The Company's business is primarily separated into three principal business segments, U.S. and Canada, International and Entertainment and Licensing. The U.S. and Canada segment develops, markets and sells both toy and game products in the U.S. and Canada. The International segment consists of the Company's European, Asia Pacific and Latin and South American marketing operations, including Mexico. During the second quarter, the Company changed the name of its' Other segment to Entertainment and Licensing. The Company's Entertainment and Licensing segment includes the Company's lifestyle licensing, digital gaming, movie, television and online entertainment operations. In addition to these three primary segments, the Company's world-wide manufacturing and product sourcing operations are managed through its Global Operations segment.

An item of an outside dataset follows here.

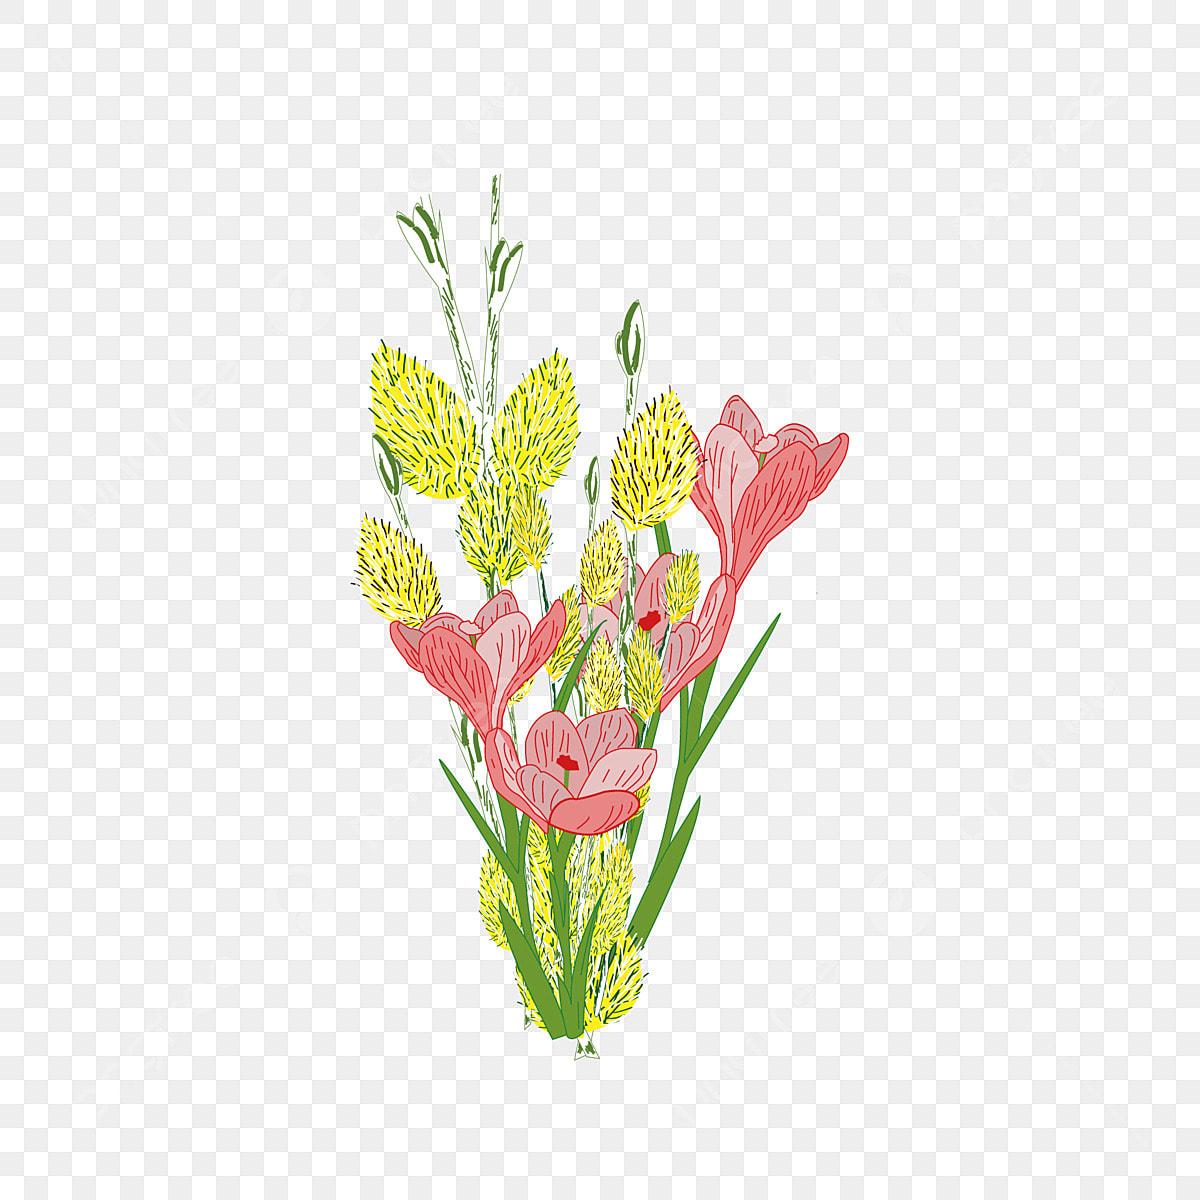 Fleur Réaliste De Dessin Animé Vent Dessiné à La Main

The Company seeks to make its brands relevant in all areas important to its consumers. Brand awareness is amplified through immersive traditional play, digital applications, publishing and lifestyle licensing and entertainment experiences presented for consumers' enjoyment. The Company's focus remains on growing core owned and controlled brands, developing new and innovative products which respond to market insights and optimizing efficiencies within the Company to reduce costs, increase operating profits and strengthen its balance sheet. The Company's core brands represent Company-owned or Company-controlled brands, such as TRANSFORMERS, MY LITTLE PONY, LITTLEST PET SHOP, MONOPOLY, MAGIC: THE GATHERING, PLAYSKOOL, G.I. JOE, NERF and TONKA, which have been successful over the long term. The Company has a large portfolio of owned and controlled brands, which can be introduced in new formats and platforms over time. These brands may also be further extended by pairing a licensed concept with a core brand. By focusing on core brands, the Company is working to build a more consistent revenue stream and basis for future growth. During the first six months of 2009 the Company had significant sales of core brand products, namely TRANSFORMERS, LITTLEST PET SHOP, NERF, G.I. JOE, PLAYSKOOL, PLAY-DOH, MONOPOLY and MAGIC: THE GATHERING. The Company's strategy of reimagining, reinventing and reigniting its brands has proved instrumental to achieving its overall growth objectives.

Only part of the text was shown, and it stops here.